Cooking Time: 40-45 min

Total Time: 50 – 55 min

Servings: 10


For this recipe you will need:

1 cup whole wheat flour

1 cup ground almonds

1 tsp baking soda

pinch of salt

1 tsp cinnamon

¼ cup agave syrup

⅓ cup coconut oil

1 tsp ground flaxseed plus 3 tsp warm water

(if you are not vegan, you can also use one egg instead of the flax seeds)

1 ½ cup kiwi pulp (~5 ripe kiwis) plus one on top, sliced

¾ cup raisins

½ cup chopped nuts of choice (I used walnuts)


1.  Preheat your oven to 180°C on fan mode and grease a rectangular baking tin or line it with baking paper.

2. In a large mixing bowl, combine the flour, ground almonds, cinnamon, salt and baking soda.

3. In a blender, add the flaxseeds and warm water and blend on high for 10 seconds. The consistency should be similar to a beaten egg.
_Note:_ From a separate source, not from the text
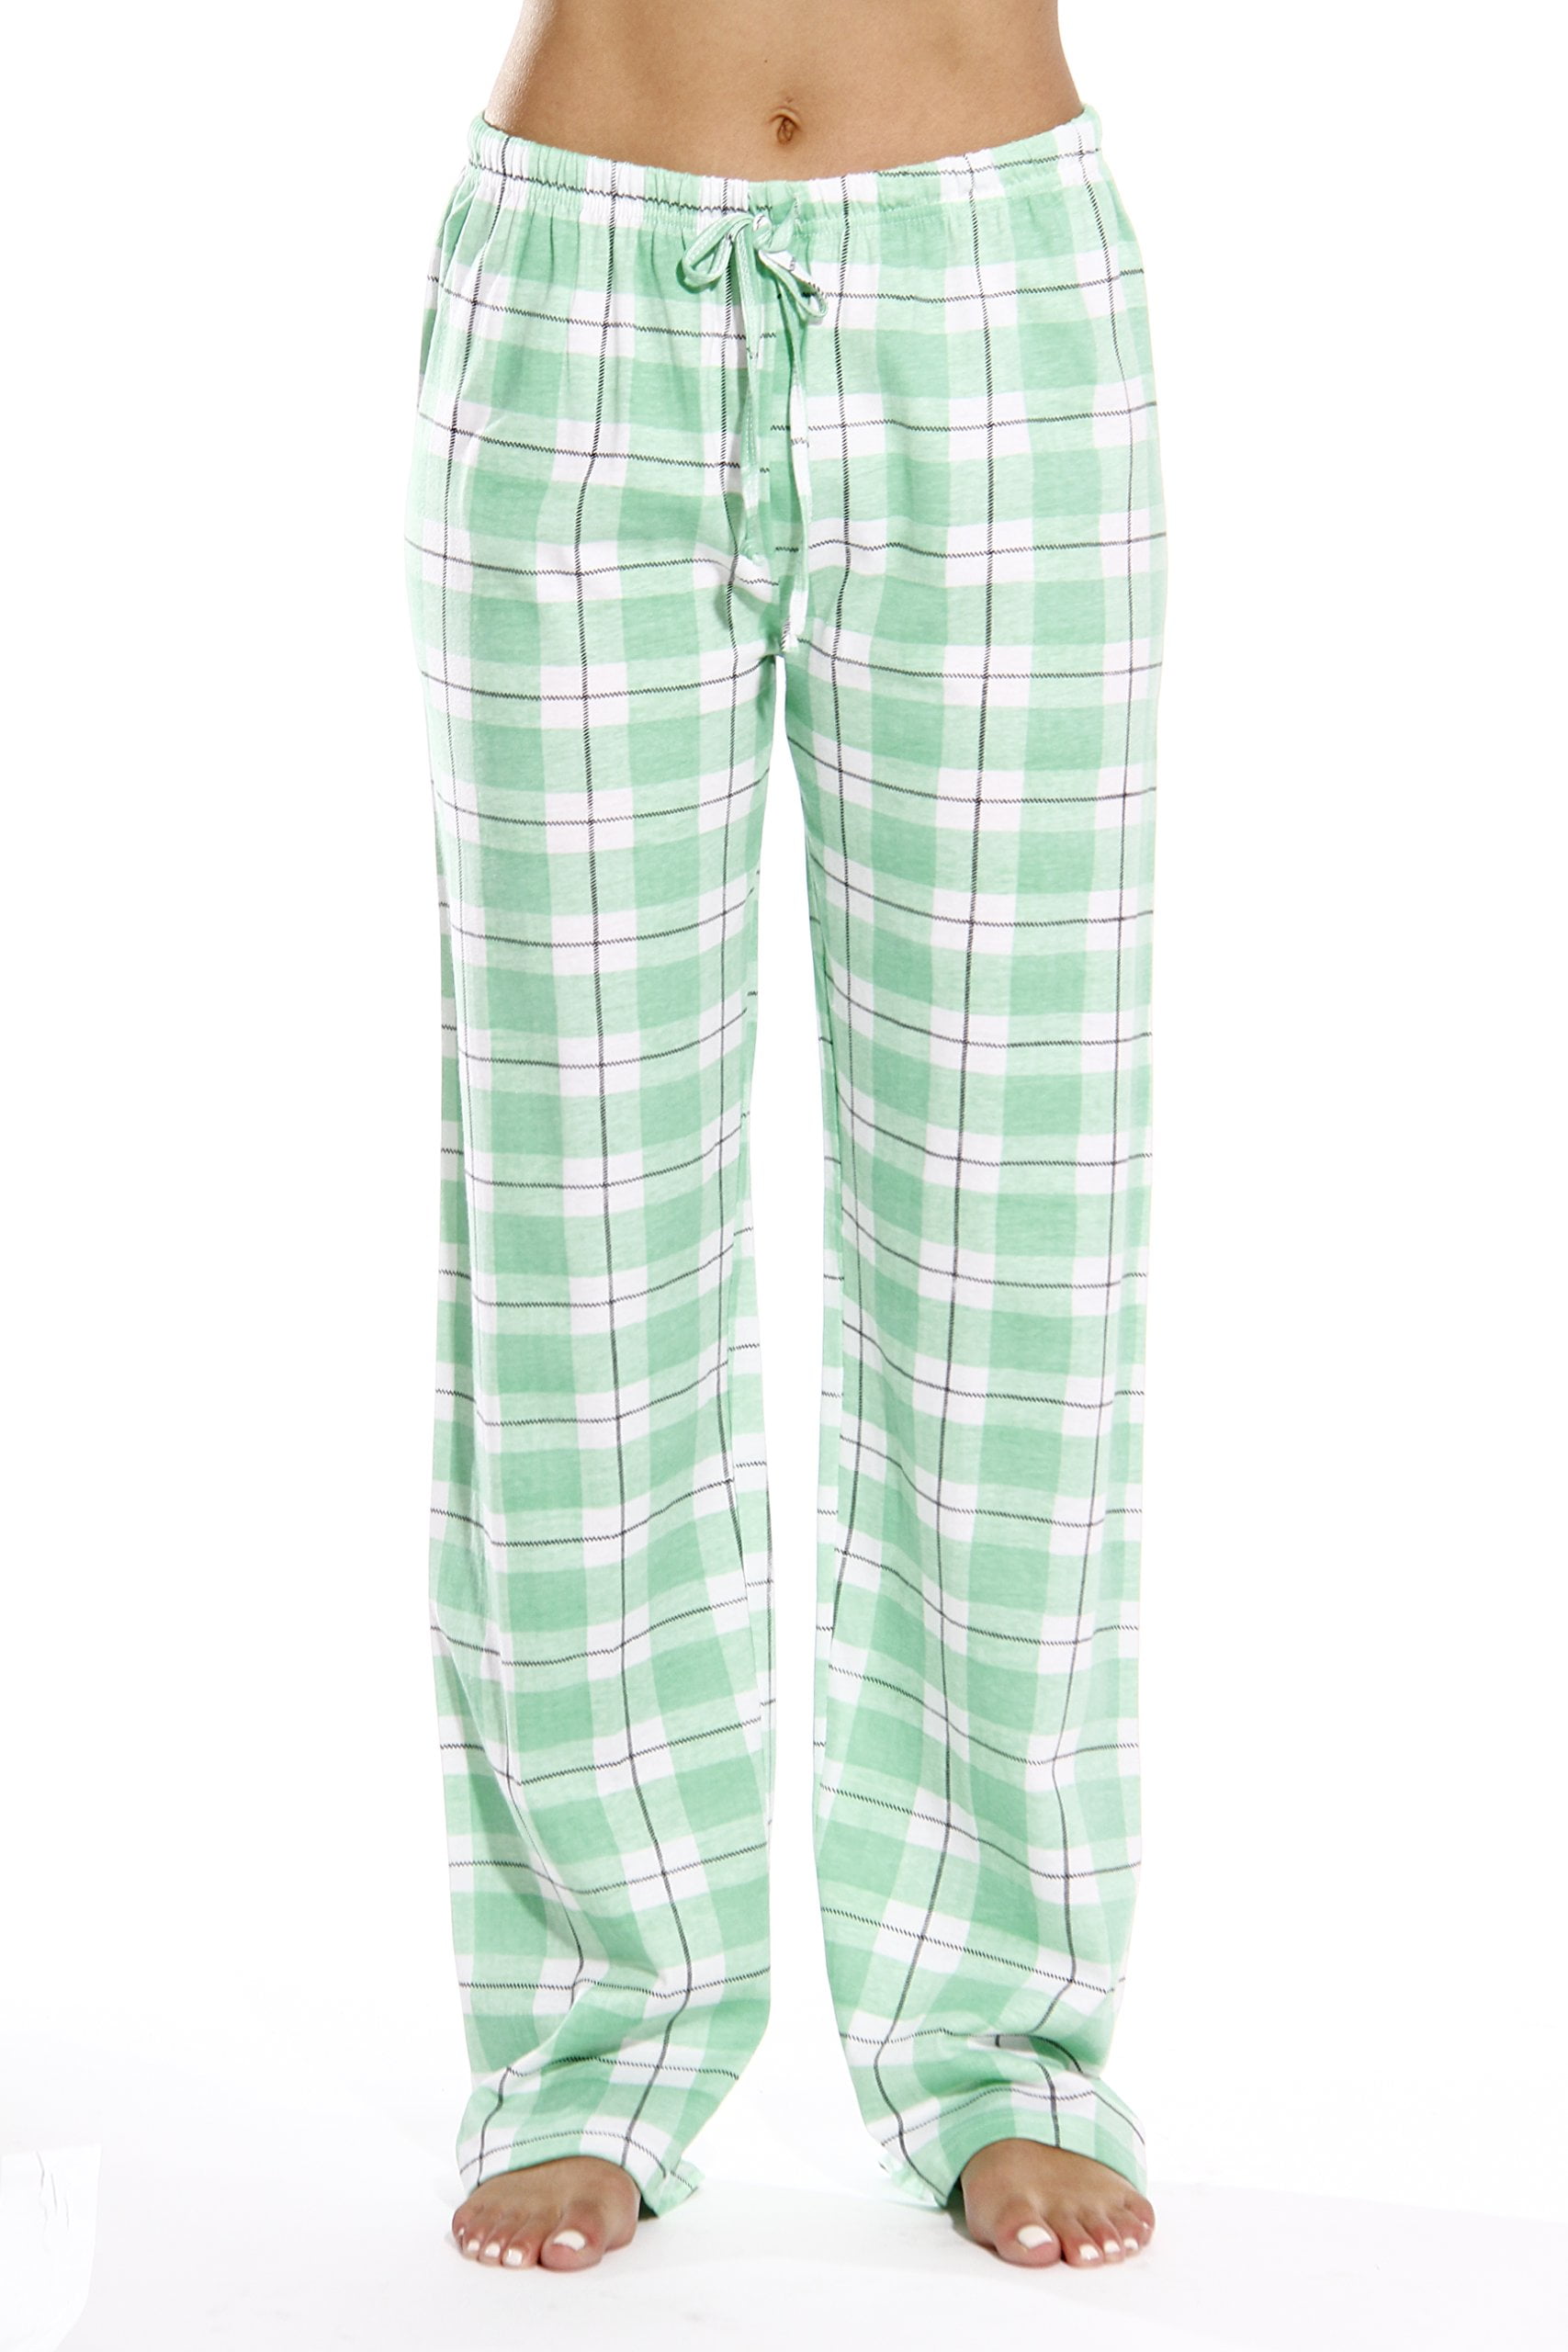 Just Love 100/% Cotton Jersey Women Plaid Pajama Pants Sleepwear

If you are baking a non-vegan version, simply use an egg and add it to the blender.

4. Melt the coconut oil in a small pan and add to the blender, together with the agave syrup and ripe kiwis (you can leave the skin of 2-3 kiwis on), blend for one minute or until you have a smooth liquid (don’t forget to appreciate that lovely green kiwi-colour!).

5. Next, pour the mixture into the large mixing bowl and combine with dry ingredients.

6. When a slightly runny dough has formed, add the nuts and raisins and gently stir them in.

7. Pour the batter into the baking tin and bake for 40-45 minutes or until the top is golden-brown and a knife comes out clean.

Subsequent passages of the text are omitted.